とくにIT分野の知識や用語に不安がある場合、独学よりもはるかに学習が捗るでしょう。実務にも生かせる内容が詰まっているため、資格取得だけでなくスキルアップにもつながります。
| セミナー名 | ITパスポート試験対策セミナー |
|---|---|
| 運営元 | GETT Proskill(ゲット プロスキル) |
| 価格(税込) | 0円(無料キャンペーン中) |
| 開催期間 | 2日間 |
| 受講形式 | 対面(東京)・ライブウェビナー・eラーニング |
学習時間を習慣化し毎日少しずつ進める
ITパスポートに合格するには、まとまった勉強時間よりも「毎日少しずつ継続すること」が大きな差になります。特にITパスポートは、ストラテジ系・マネジメント系・テクノロジ系の3分野すべてで300点以上を取らなければ合格にならないため、特定の分野だけに偏ると得点不足になりやすいです。

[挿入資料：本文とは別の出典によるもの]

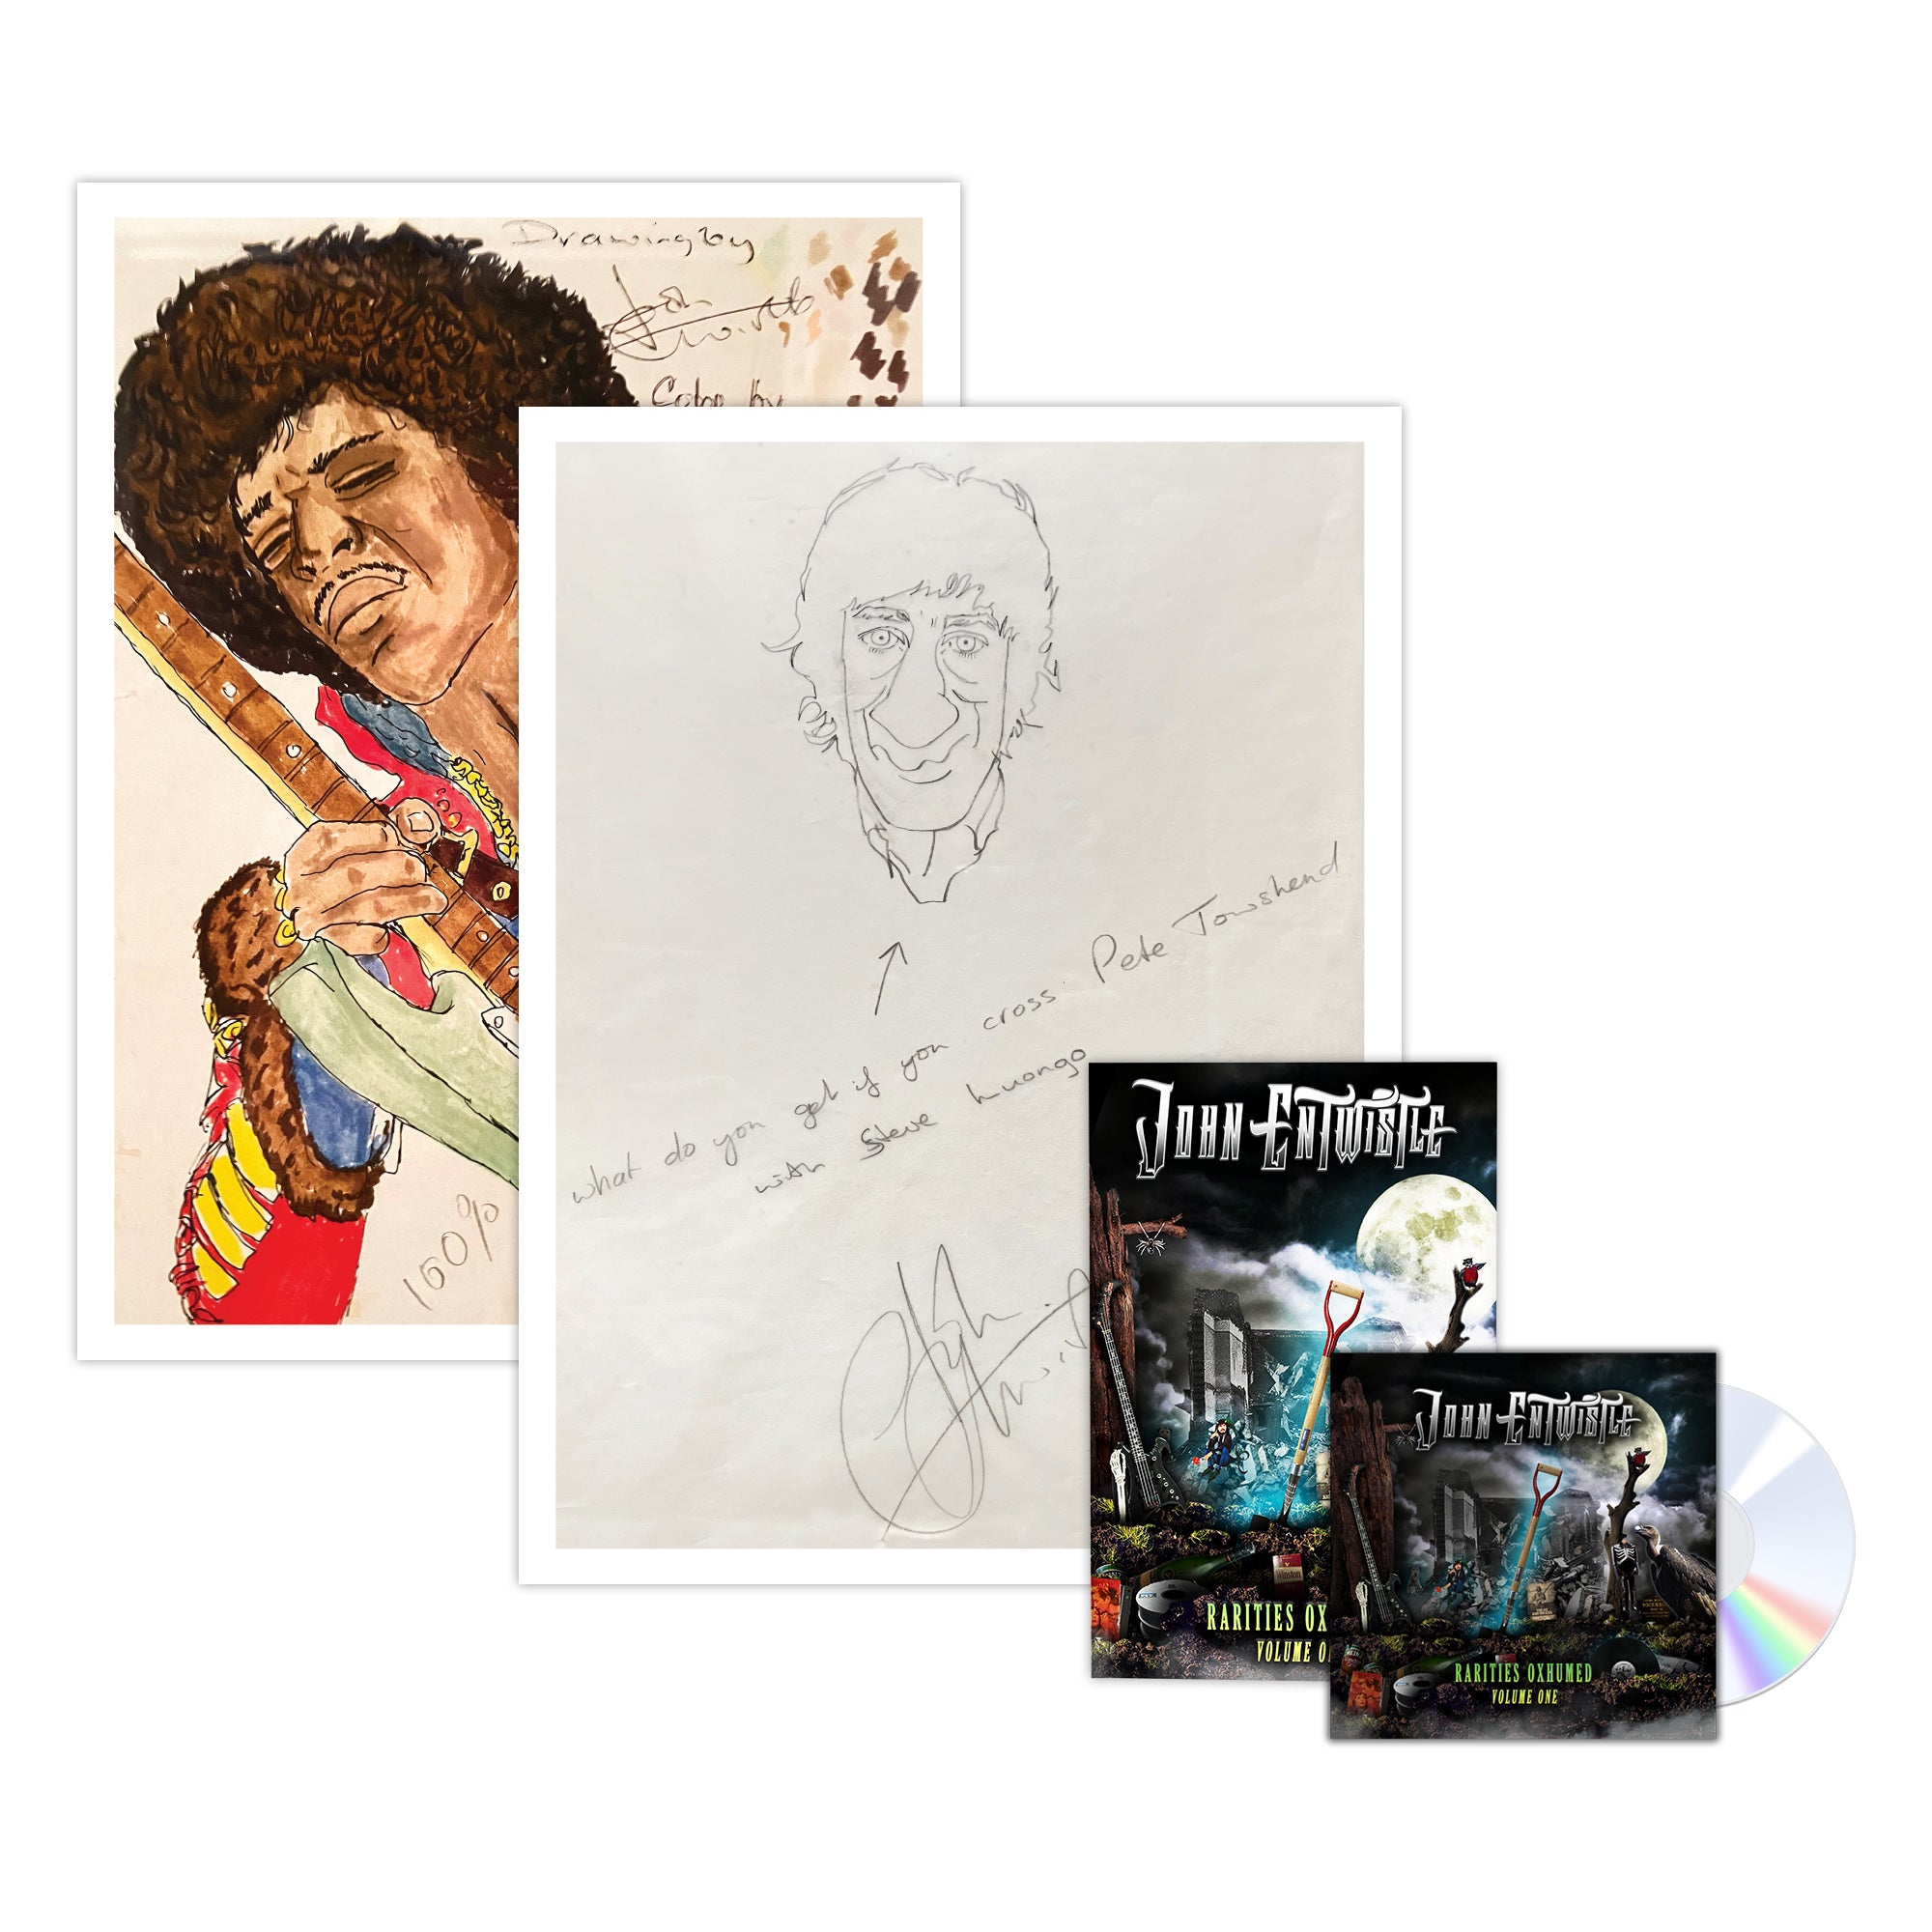 JOHN ENTWISTLE 'RARITIES OXHUMED: VOLUME ONE' CD & 12-PAGE BOOKLET + 2 EXCLUSIVE HAND-NUMBERED ART PRINTS BY JOHN ENTWISTLE

短時間でも構わないので、毎日触れて理解を積み上げる習慣が最も合格に近い方法です。なお、ITパスポートの試験対策については、以下の記事も参考になるので、ぜひご一読ください。
ITパスポートの合格率と難易度についてまとめ
ITパスポートは一見ハードルが高く見えますが、試験の特徴を理解し、計画的に学習すれば十分に狙える資格です。合格率は年度によって変動するものの、基礎から丁寧に積み上げれば確実に力がつきます。
これから受験を考える方は、まず無理のない学習計画を立てつつ、確実に理解を積み上げていくことを意識しましょう。